Quem fala com você é sionista. Coloque-se no meu lugar: aqueles da minha família que não puderam emigrar para lá, onde meus pais nasceram, foram exterminados . Sionista não é equivalente a fascista e não é equivalente a assassino; é triste ter que lembrar disso novamente depois de uma vida de militância ao lado de meus irmãos palestinos. É inegável que a conduta criminosa da guerra em Gaza reacende um ódio atávico contra os judeus . Você se ofende, com razão, ao ouvir a infame acusação de antissemitismo lançada contra você instrumentalmente. Netanyahu também fez isso conosco: ele se apropria abusivamente da memória da Shoah, numa vã tentativa de se dar um salvo-conduto moral; e assim ele leva muitas pessoas a dizerem "chega, esses judeus nos fartaram da Shoah".
Pense no que duas mulheres que sobreviveram ao inferno de Auschwitz, como Liliana Segre e Edith Bruck, sentiriam. Todos ali exigem que a palavra "genocídio" saia de suas bocas, caso contrário, a repulsa que repetidamente declararam a Netanyahu não seria válida. Aqueles que trabalham pela paz respeitam a sensibilidade dos outros.
A força deste quadrado democrático será bem utilizada se você nos ajudar a promover o encontro entre dissidentes israelenses e palestinos, aqueles que sabem que Shoah e Nakba são sinônimos; os dissidentes são uma força viva dentro de ambas as sociedades, o único antídoto para os efeitos assustadores do nacionalismo e do fundamentalismo.

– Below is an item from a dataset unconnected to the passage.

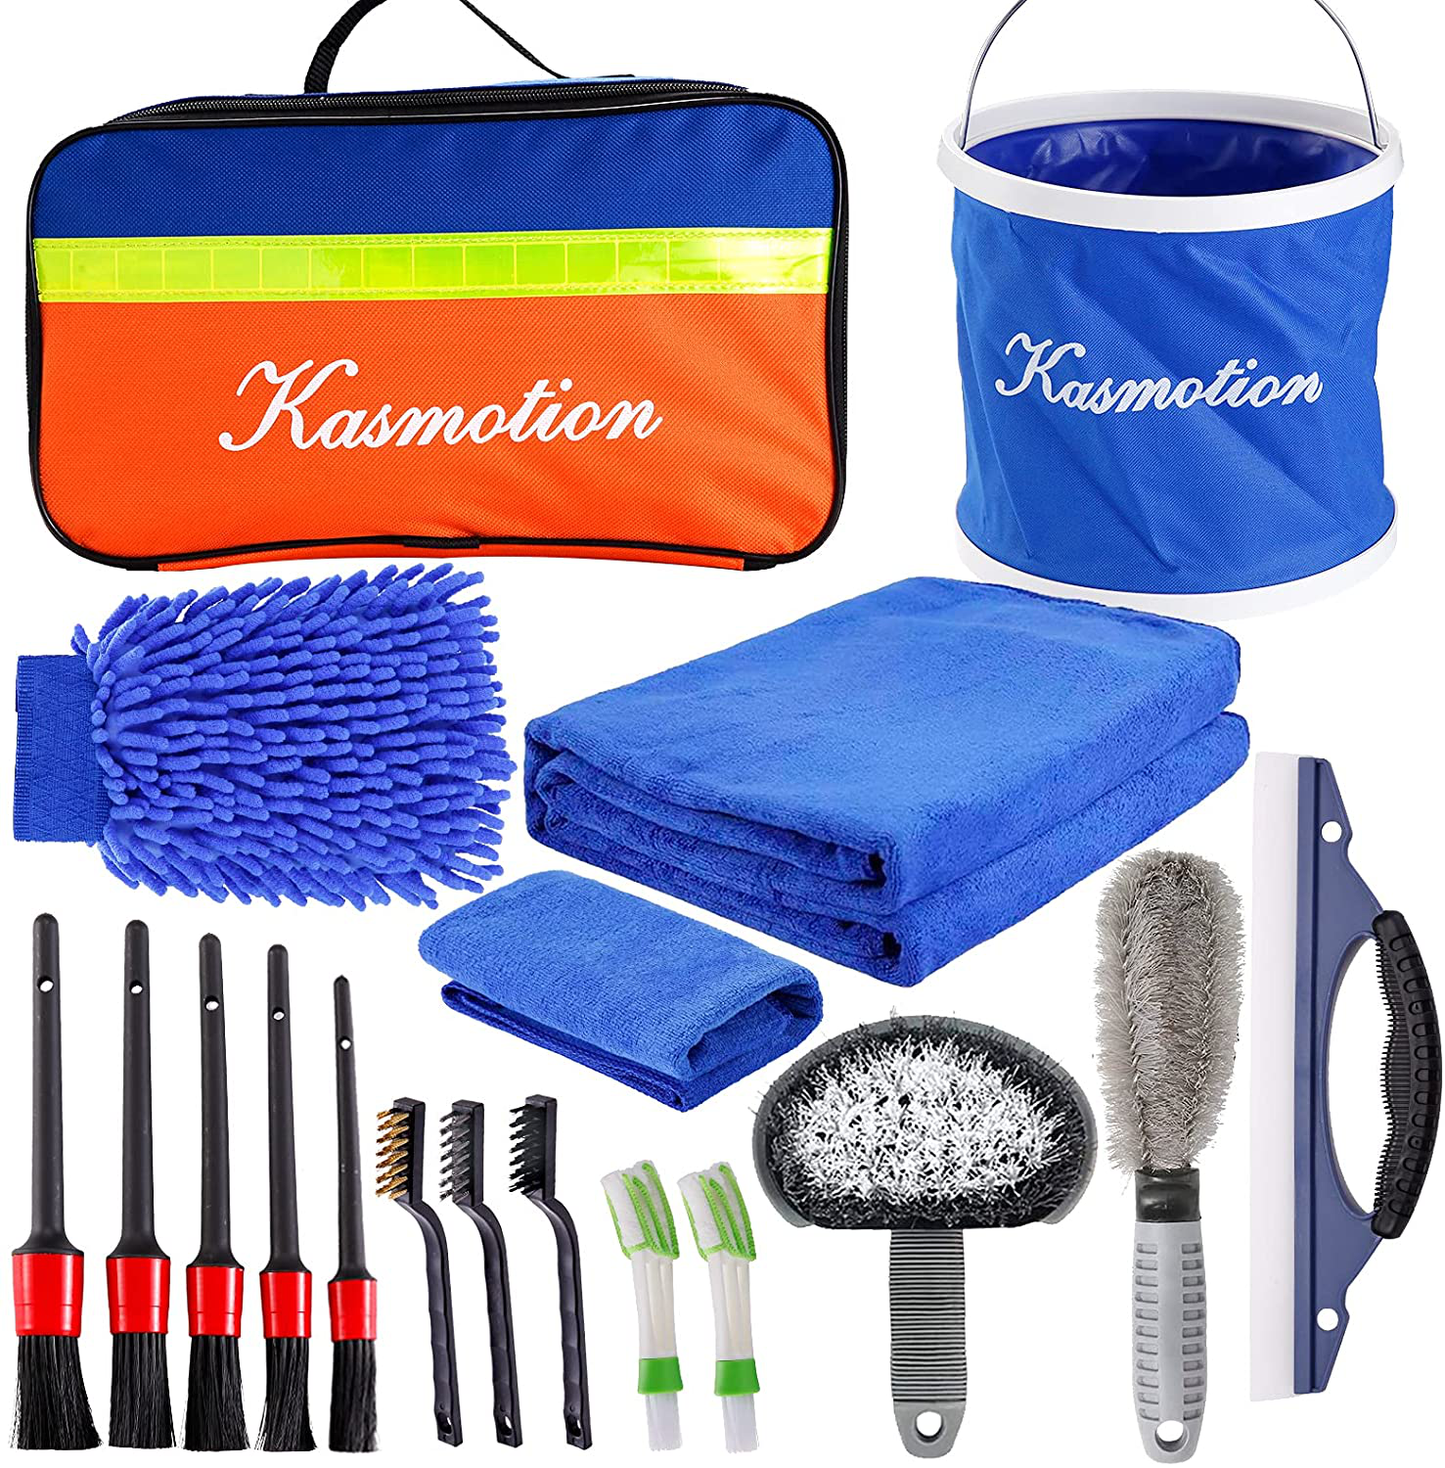 Kasmotion Car Wash Kit, 18 Pcs Car Cleaning Kit Interior Detailing and Exterior, Car Wash Cleaning Tools for Automotive Cleaning Wheels,Engine,Console Dashboard,Leather, Air Vents, Emblems

Pouco antes de morrer, Primo Levi escreveu: “Não é fácil nem agradável sondar esse abismo do mal, e ainda assim acho que deve ser feito, porque o que foi possível perpetrar ontem pode ser tentado novamente amanhã, pode envolver a nós mesmos ou aos nossos filhos.”
E aos que lhe perguntaram por que ninguém na Alemanha reagiu durante o planejamento do extermínio, Primo Levi respondeu: "A maioria dos alemães não sabia porque não queria saber, ou melhor, porque não queria saber". Ainda hoje, há muitas pessoas que não querem saber, ou melhor, que não querem saber . Estamos aqui porque vemos e não podemos ficar em silêncio.